As I was saying, I started the project in early june, and since then I have been working on hard to finish it as soon as possible. The first stages of my FYP consisted on the reading of a series of articles related to my project, as well as the familiarization with the open source libraries that I would use to implement the project.

Some of the articles I have read and about wich I am basing my project are:

Simultaneous Localization and Mapping (SLAM): Part I, by Hugh Durrant y Tim Bailey
Simultaneous Localization and Mapping (SLAM): Part II, by Hugh Durrant y Tim Bailey
RGB-D Mapping: Using Depth Cameras for Dense 3D Modeling of Indoor Environments, by Peter Henry, Michael Krainin, Evan Herbst, Xiaofeng Ren y Dieter Fox.
Generalized-ICP, by Aleksandr V. Segal, Dirk Haehnel y Sebastian Thrun.
Real-time 3D visual SLAM with a hand-held RGB-D camera, by Nikolas Engelhard, Felix Endres, Jürgen Hess, Jürgen Sturm y Wolfram Burgard.
Scene reconstruction from Kinect motion, by Marek Šolony.
Realtime Visual and Point Cloud SLAM, by Nicola Fioraio y Kurt Konolige.

The main open source libraries I am using for my project are the following:

OpenCV: http://opencv.willowgarage.com/wiki/Welcome
PCL: http://pointclouds.org/
MRPT: http://www.mrpt.org/
CUDA: http://developer.nvidia.com/cuda-toolkit-40

I am also using the original implementation of GICP that uses the ANN and GSL libraries. You can find the original GICP code in the following link: http://www.stanford.edu/~avsegal/generalized_icp.html

The first developments that took place were some test like 2D feature matching and 3D point cloud alignment.

2D feature matching

ICP alignment (only)

The next step consisted on developing the first SLAM aplication using point clouds only. In this first aproach I used the PCL ICP implementation to align consecutive point clouds. The main problem this version had was that ICP wasn't initialised, so the convergence time, as well as the estimated pose were horrible.

ICP only SLAM

To reduce execution time of ICP and get better convergences, I started to work on the visual pose approximation. The first thing I did was to get the 3D points corresponding to the 2D features of the RGB image.
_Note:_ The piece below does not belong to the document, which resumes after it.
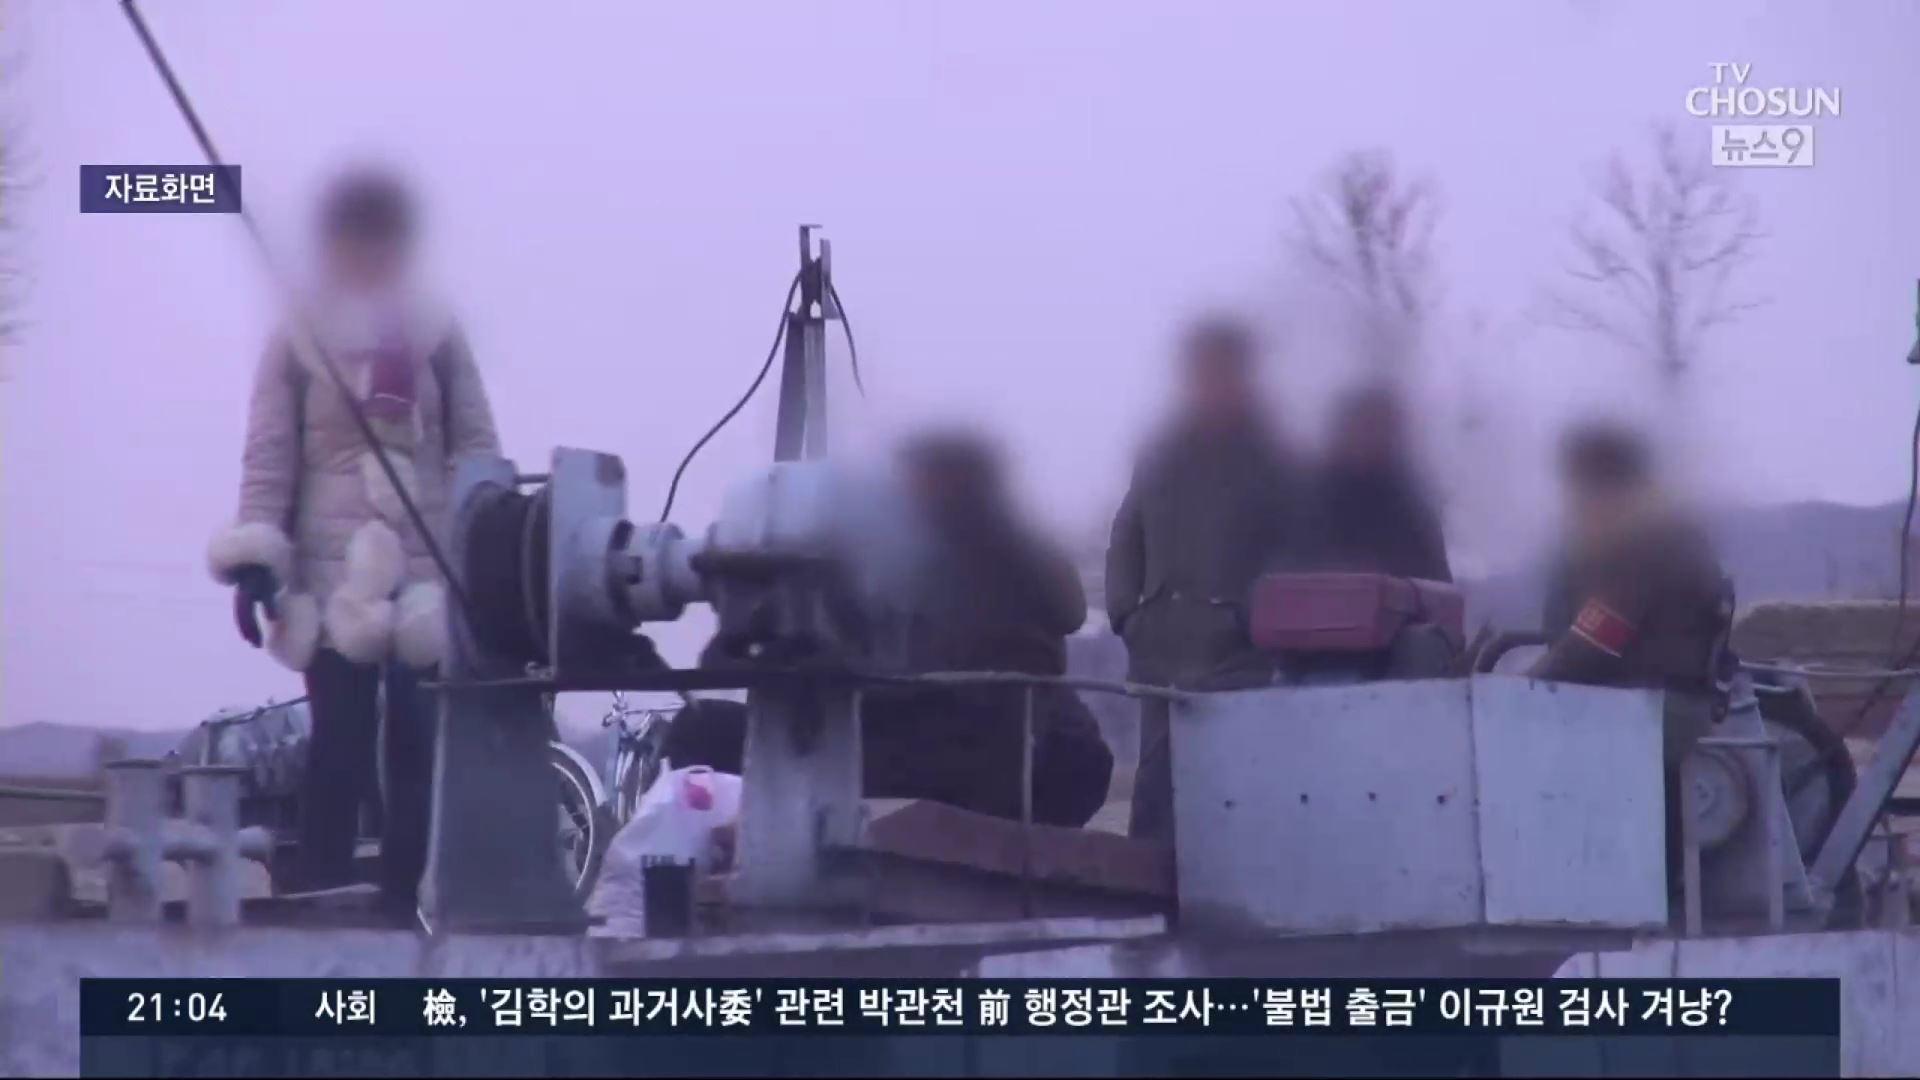 [단독] 文정부 들어 '탈북 가장 간첩' 두 차례 검거했다

3D points corresponding to 2D visual features

Getting a good visual pose approximation to allow ICP converge to good solutions took me quite some time. In late august I got a first version that allowed align two consecutive RGB-D frames using RGB images and point clouds.

Pairwise alignment with visual approximation and ICP refinement

Over the last month I have been making multiple optimizations of my code. I introduced GPU SURF to get a faster feature detection and descriptor extraction, I integrated the original implementation of GICP for improving the alignment between point clouds, I replaced the frame capture functionality from the MRPT to the PCL functions to avoid copies between data structures and much more.

The video that follows shows a map generated with the latest version I've implemented. Still under development, but this is one of the first functional versions. Future releases will introduce loop detection and graph optimization to avoid cumulative error.

Wednesday, September 14, 2011

Introduction

Hi reader, my name is Miguel Algaba. I am a Computer Science student in Málaga (Spain). I started my engineering studies in september 2006 and I finished my last courses in june 2011.

I have always been attracted to the idea that someday we will be able to build machines that can perceive its environment the way we do. One day, in one of the subjects that have fascinated me the most in my career, a good teacher in my class told us that "Most of sensory information we perceive is visual". Since then, I have always wanted to explore ways to make a machine perceive its environment with its own eyes.

I have created this blog to relate my experiences and to present what I am learning. This is a space to share my efforts with people like you that have the same motivations. I invite you to my blog to talk with you about computer vision.